Would you write out the lines below exactly, from the one containing "A Bugs World - Pink - Tapete - Kinderzimmer" to the very last, but without the pictures?

__Raw data__.
_ _ _ _ _ _ _
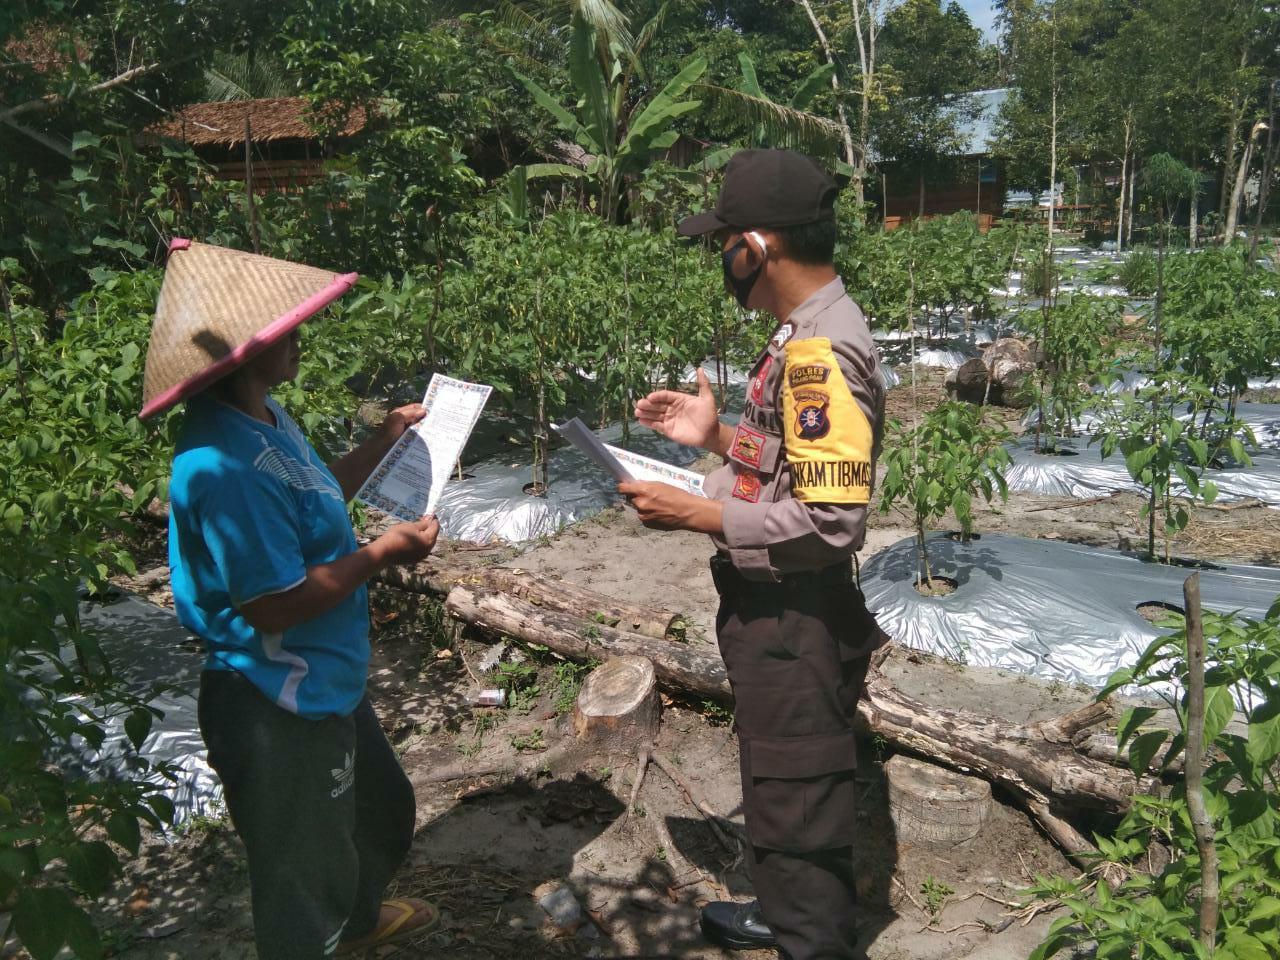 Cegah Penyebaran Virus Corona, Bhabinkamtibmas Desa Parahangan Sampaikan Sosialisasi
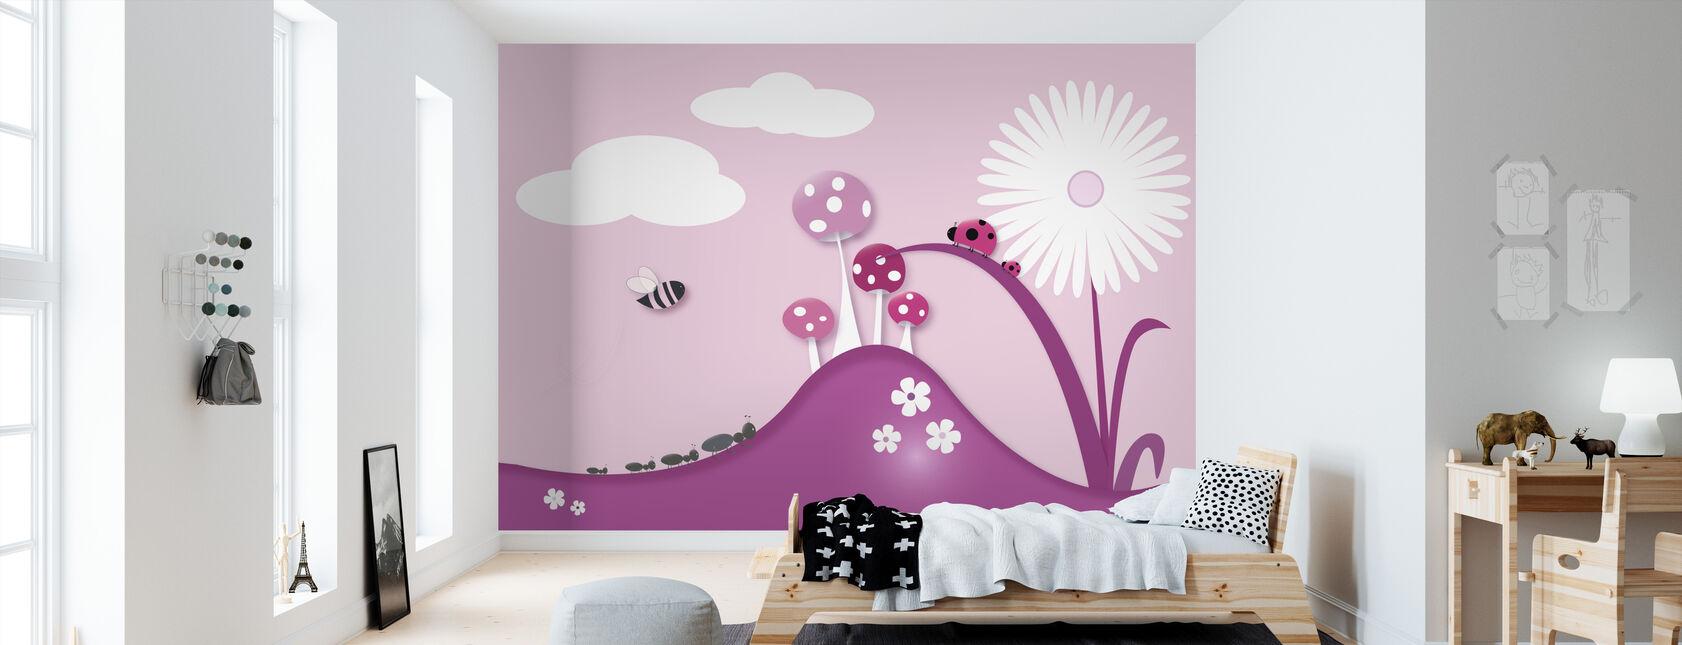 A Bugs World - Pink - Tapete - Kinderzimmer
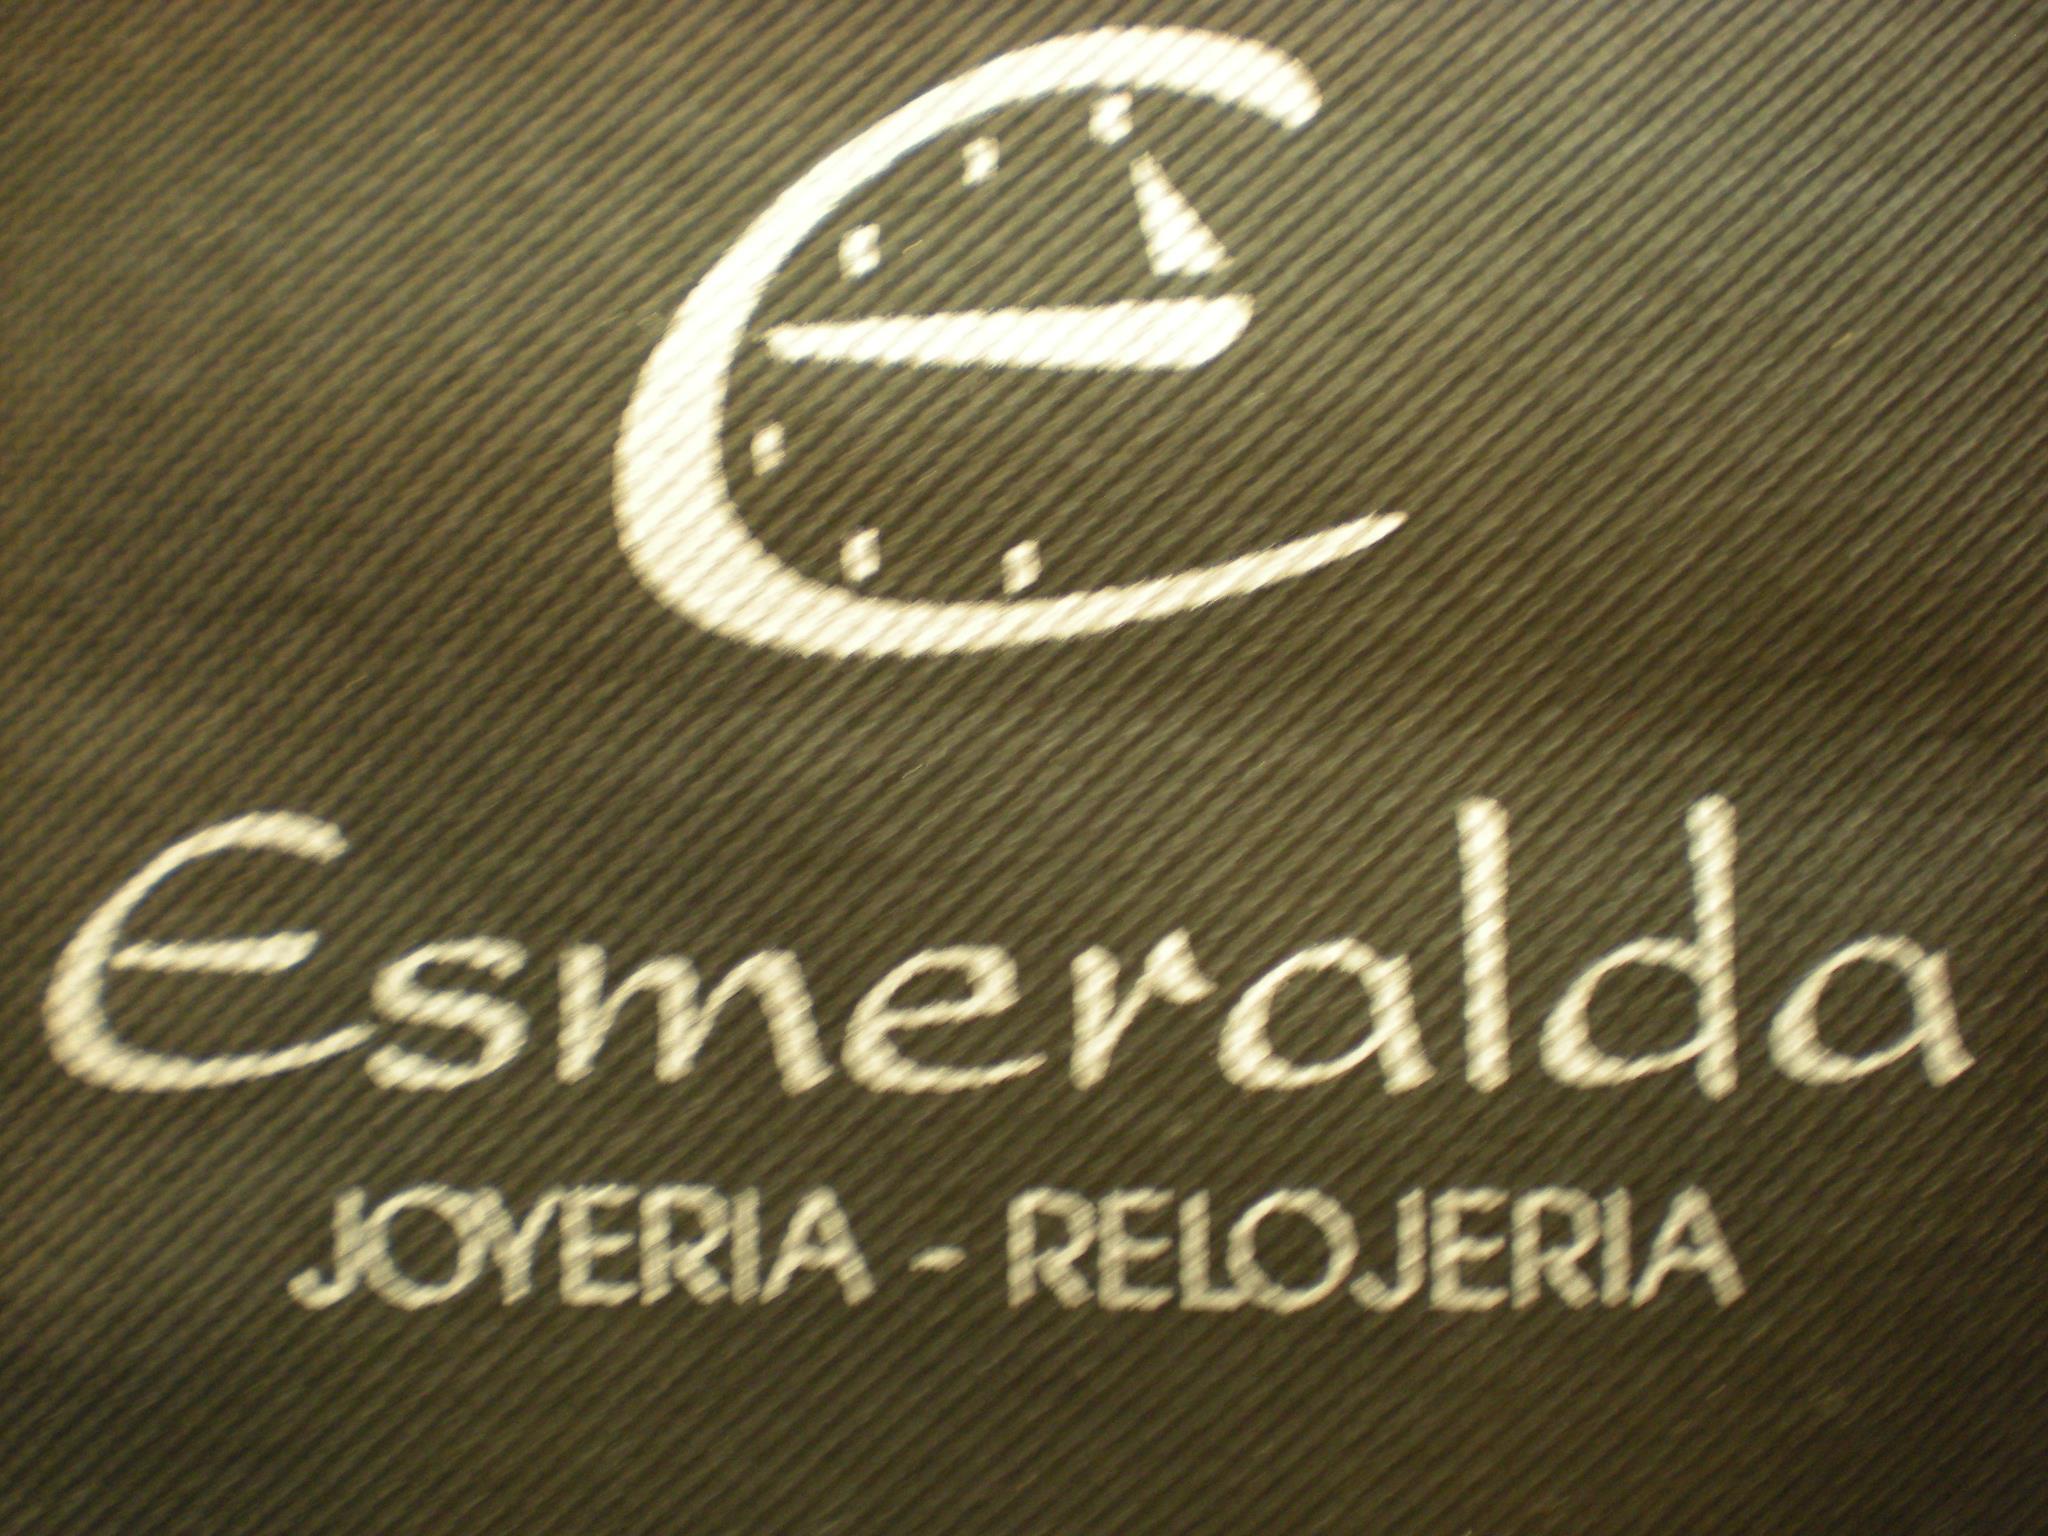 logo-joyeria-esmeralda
_ _ _ _ _ _ _
__Result__.
 A Bugs World - Pink - Tapete - Kinderzimmer
 logo-joyeria-esmeralda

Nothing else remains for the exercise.